В этой паре лютых Акбара была головой, была умом, ей принадлежало право зачинать охоту, а он был верной силой, надежной, неутомимой, неукоснительно исполняющей ее волю. Эти отношения никогда нe нарушались. Лишь однажды был странный, неожиданный случай, когда ее волк исчез до рассвета и вернулся с чужим запахом иной самки – отвратительным духом бесстыжей течки, стравливающей и скликающей самцов за десятки верст, вызвавшим у нее неудержимую злобу и раздражение, и она сразу отвергла его, неожиданно вонзила клыки глубоко в плечо и в наказание заставила ковылять много дней кряду позади. Держала дурака на расстоянии и, сколько он ни выл, ни разу не откликнулась, не остановилась, будто он, Ташчайнар, и не был ее волком, будто он для нее не существовал, а если бы он и посмел снова приблизиться к ней, чтобы покорить и ублажить ее, Акбара померилась бы с ним силами всерьез, не случайно она была головой, а он ногами в этой пришлой сивой паре.
Сейчас Акбара, после того как она немного поуспокоилась и пригрелась под широким боком Ташчайнара, была благодарна своему волку за то, что он разделил ее страх, за то, что он тем самым возвратил ей уверенность в себе, и потому не противилась его усердным ласкам, и в ответ раза два лизнула в губы, и, преодолевая смятение, которое все еще давало себя знать неожиданной дрожью, сосредоточивалась в себе, и, прислушиваясь к тому, как непонятно и неспокойно вели себя еще не народившиеся щенята, примирилась с тем, что есть: и с логовом, и с великой зимой в горах, и с надвигающейся исподволь морозной ночью.
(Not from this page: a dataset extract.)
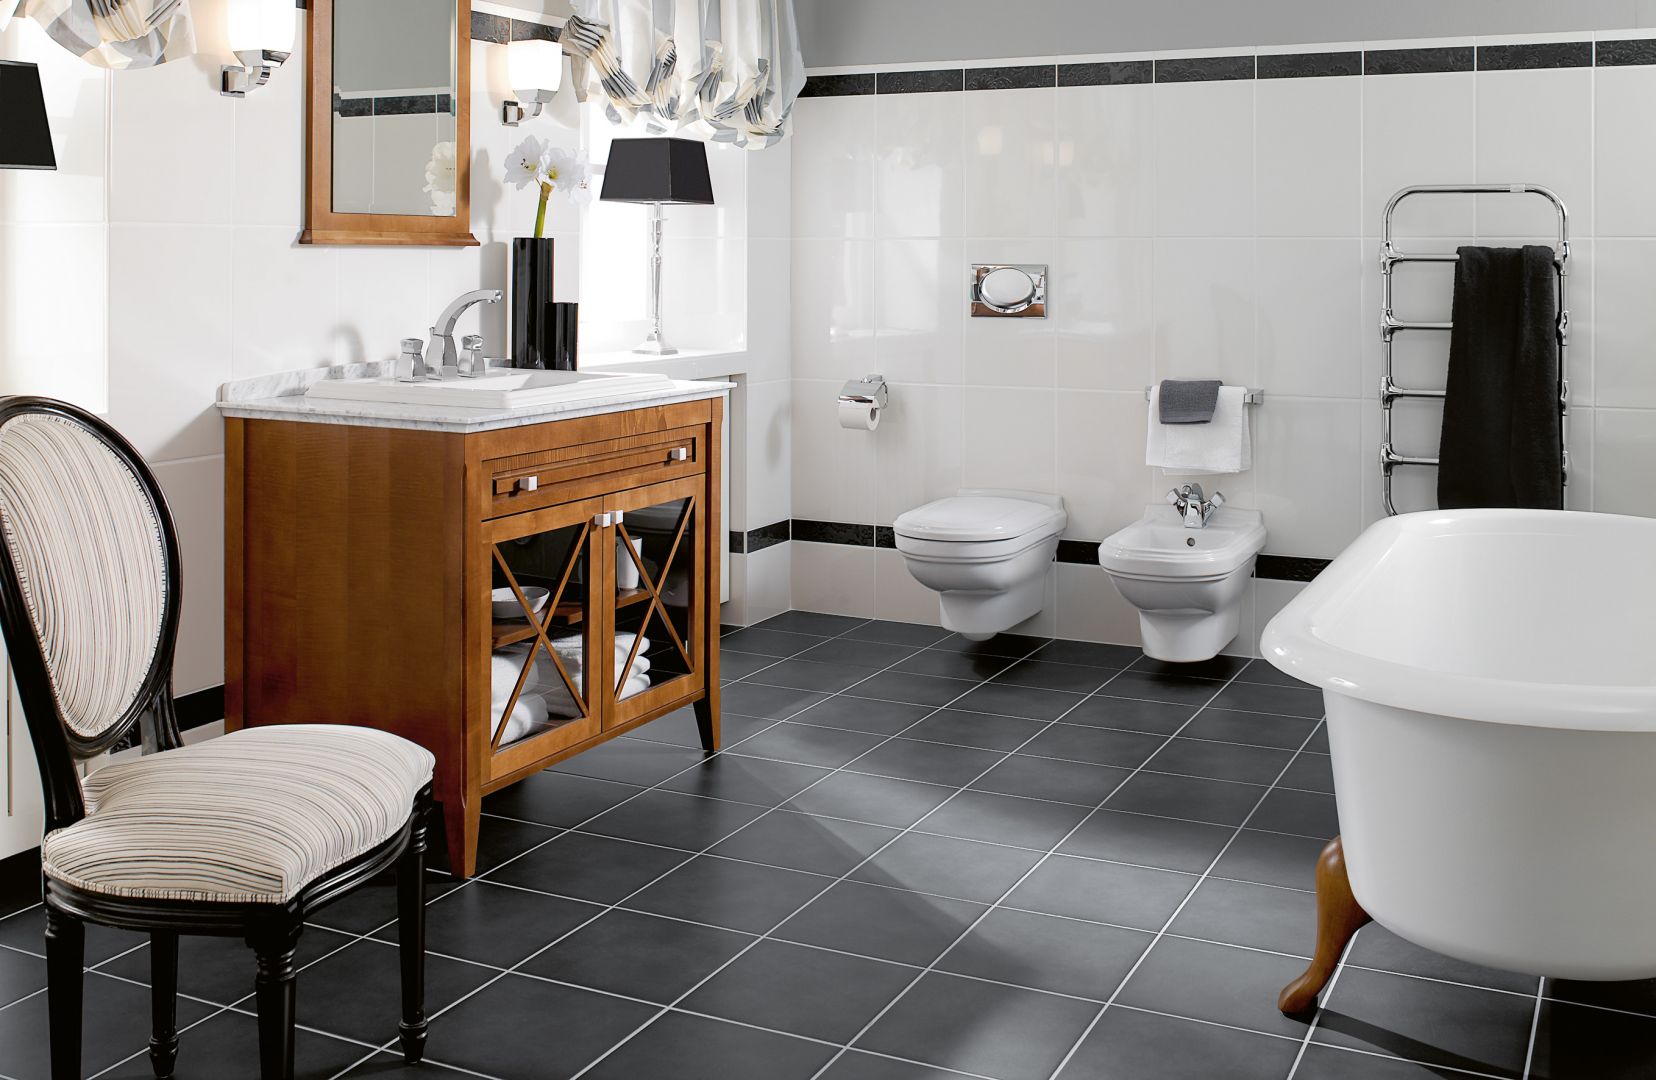 Meble Hommage optymalnie zagospodarują przestrzeń w łazience i to w pięknym stylu. Fot. Villeroy & Boch

Так заканчивался тот день страшного для волчицы потрясения. Подвластная неистребимому инстинкту материнской природы, переживала она не столько за себя, сколько за тех, которые ожидались вскоре в этом логове и ради которых они с волком выискали и устроили здесь, в глубокой расщелине под свесом скалы, сокрытой всяческими зарослями, навалом бурелома и камнепада, это волчье гнездо, чтобы было где потомство родить, чтобы было где свое пристанище иметь на земле.
Тем более что Акбара и Ташчайнар были пришлыми в этих краях. Для опытного глаза даже внешне они разнились от их местных собратьев. Первое – отвороты меха на шее, плотно обрамлявшие плечи наподобие пышной серебристо-серой мантии от подгрудка до холки, у пришельцев были светлые, характерные для степных волков. Да и ростом акджалы, то бишь сивогривые, превышали обычных волков Прииссыккульского нагорья. А если бы кто-нибудь увидел Акбару вблизи, его бы поразили ее прозрачно-синие глаза – редчайший, а возможно, единственный в своем роде случай. Волчица прозывалась среди здешних чабанов Акдалы, иначе говоря, Белохолкой, но вскоре по законам трансформации языка она превратилась в Акбары, а потом в Акбару – Великую, и между тем никому невдомек было, что в этом был знак провидения.
Еще год назад сивогривых здесь не было и в помине. Появившись однажды, они, однако, продолжали держаться особняком. Попервоначалу пришельцы бродили во избежание столкновений с хозяевами большей частью по нейтральным зонам здешних волчьих владений, перебивались как могли, в поисках добычи забегали даже на поля, в низовья, населенные людьми, но к местным стаям так и нe пристали – слишком независимый характер имeла синеглазая волчица Акбара, чтобы примыкать к чужим и пребывать в подчинении.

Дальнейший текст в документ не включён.